STRZAŁ PRZED PRZERWĄ
Jeszcze przed przerwą przyjezdni powiększyli prowadzenie – w 44. minucie z ostrego kąta piłkę do siatki ponownie skierował Kallman. W tej sytuacji nie popisała się obrona biało-zielonych na czele z Bohdanem Sarnawskim, który wrócił do bramki po ośmiu spotkaniach przerwy.
W 56. minucie Kallman mógł strzelić swojego trzeciego gola, natomiast w rewanżu dogodnej okazji nie wykorzystał Bohdan Wjunnyk. W 66. minucie Sarnawski obronił nogami uderzenie Otara Kakabadze, a po chwili nie dał się zaskoczyć Mikkelowi Maigaardowi.
KONTAKTOWA BRAMKA
Niespodziewanie lechiści zdobyli jednak kontaktową bramkę. W 77. minucie po rzucie rożnym Rifeta Kapica Ravasa pokonał Bujar Pllana, który pojawił się na murawie pięć minut wcześniej.

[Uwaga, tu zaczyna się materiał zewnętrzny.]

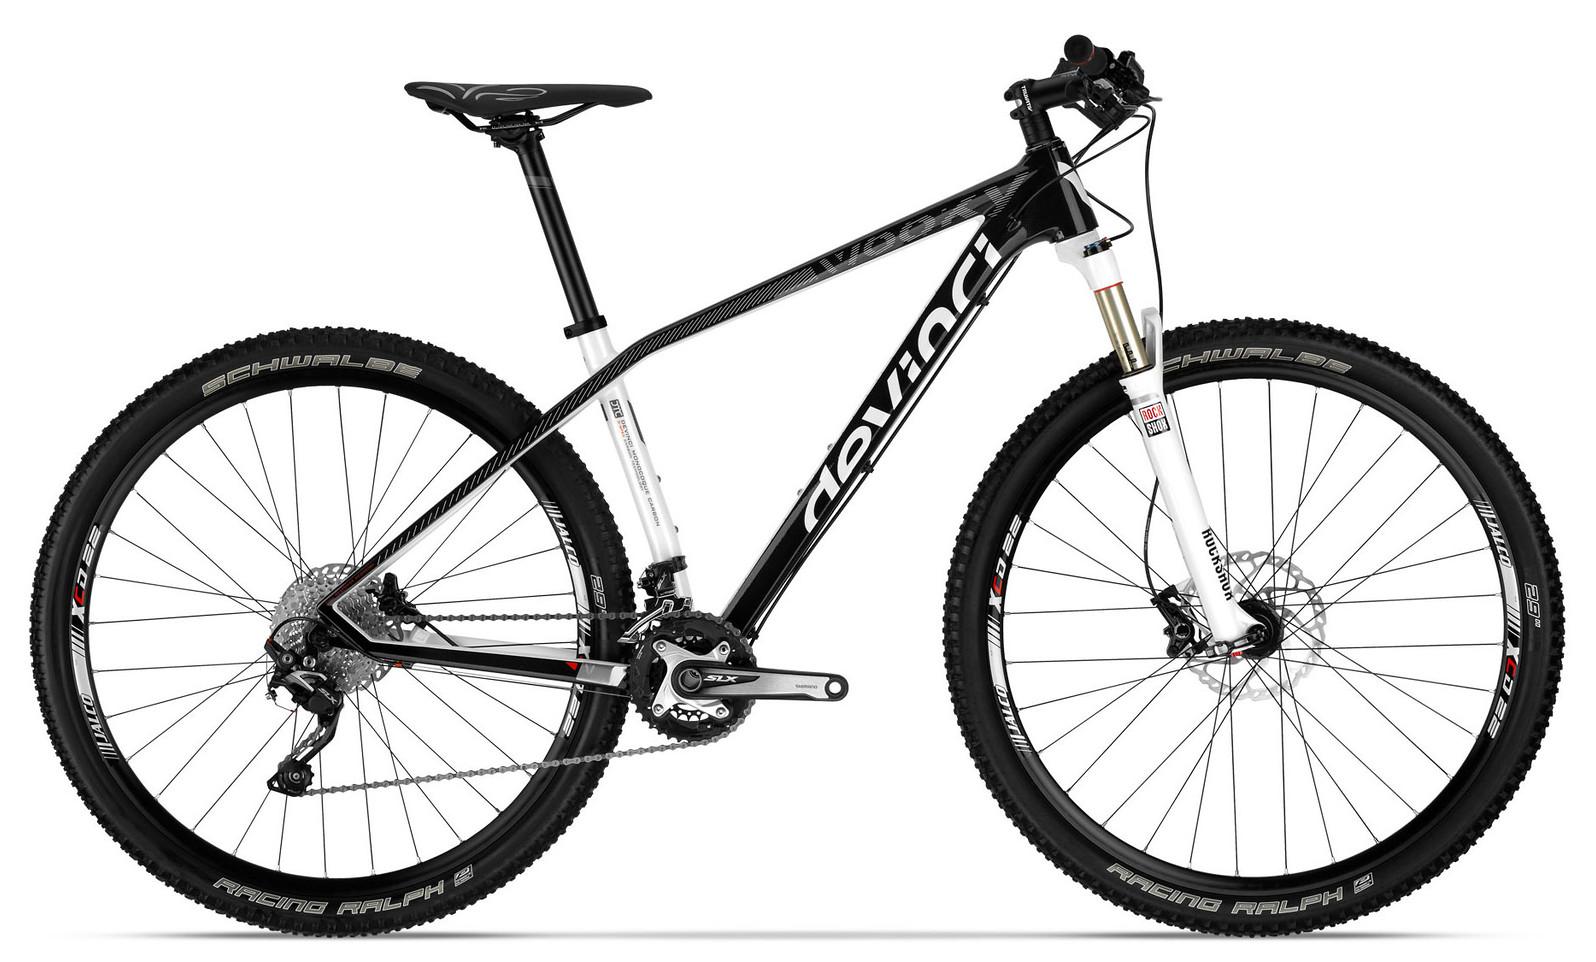 Bike - 2014 Devinci Wooky Carbon RC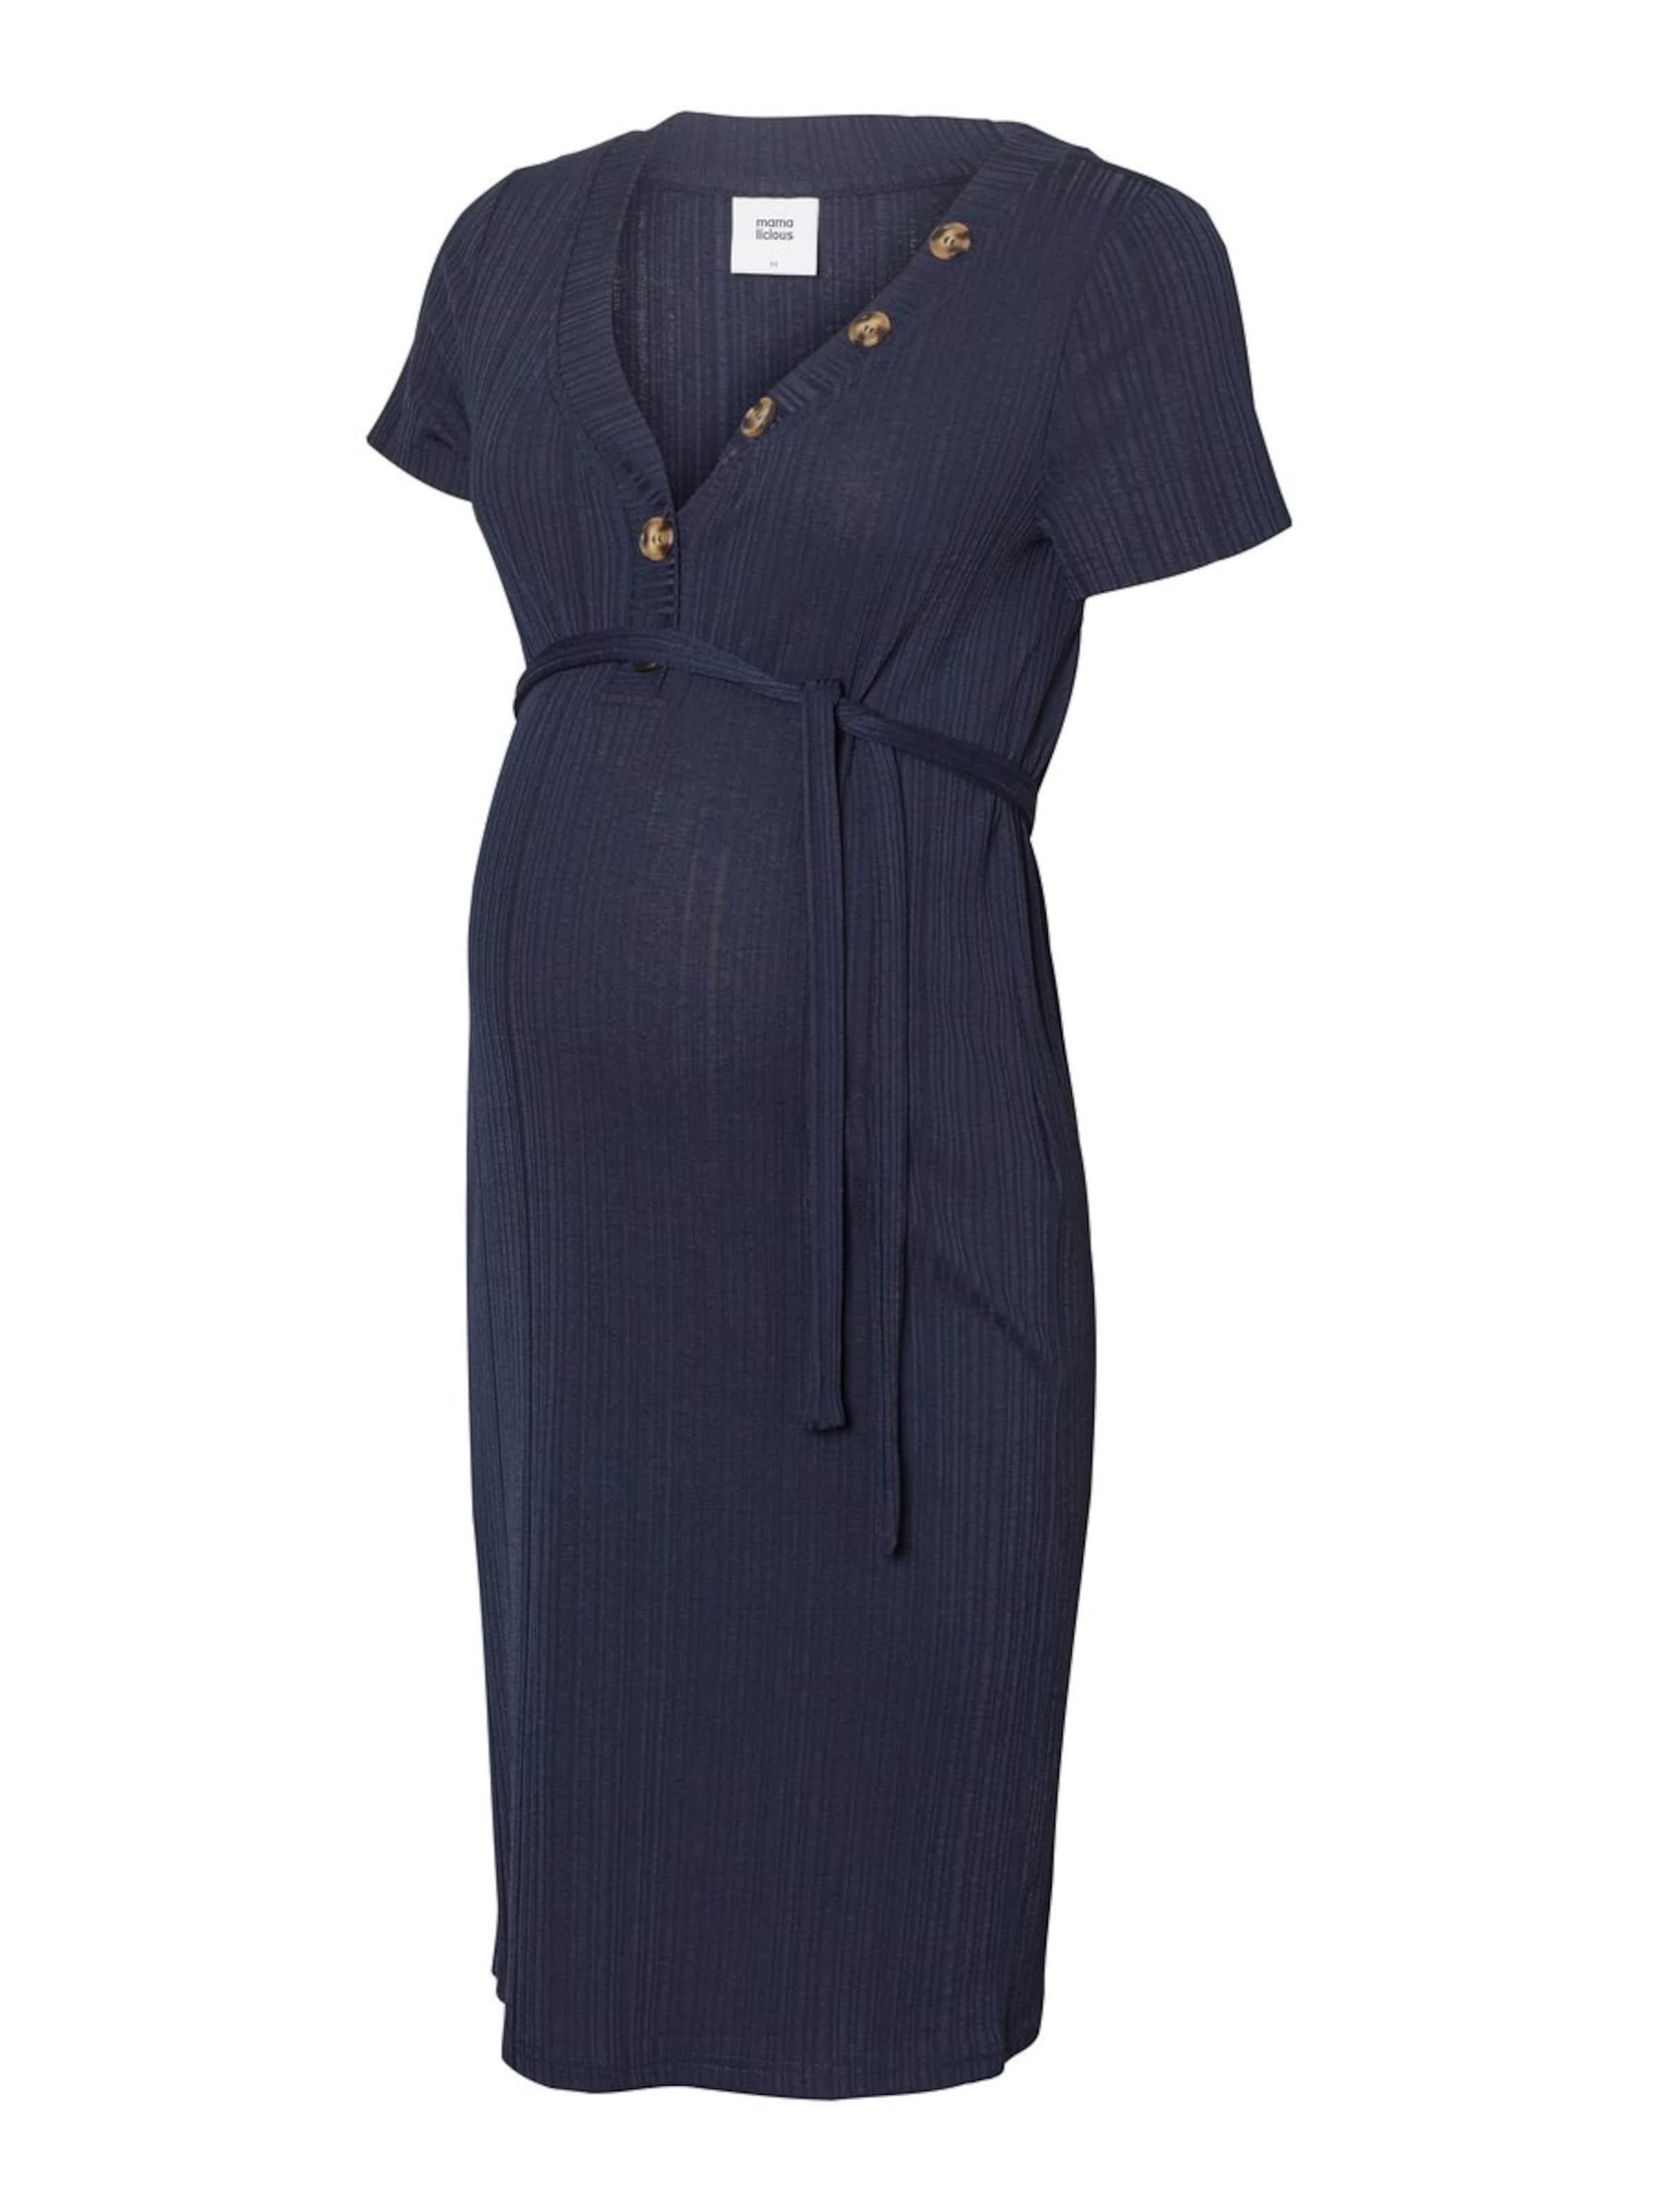 En Mamalicious Mamalicious Bleu Marine En Marine Robe Bleu Robe 76ybfYg

W końcówce w ogóle nie widać było, że „Pasy” grają z przewagą jednego piłkarza. Gospodarze mieli przewagę, groźnie uderzali z dystansu, ale nie zdołali już doprowadzić do remisu.
MINUTA CISZY
Przed meczem minutą ciszy uczczono pamięć czterech młodych kibiców Lechii, którzy zginęli w karambolu wracając do domu po spotkaniu z Legią Warszawa.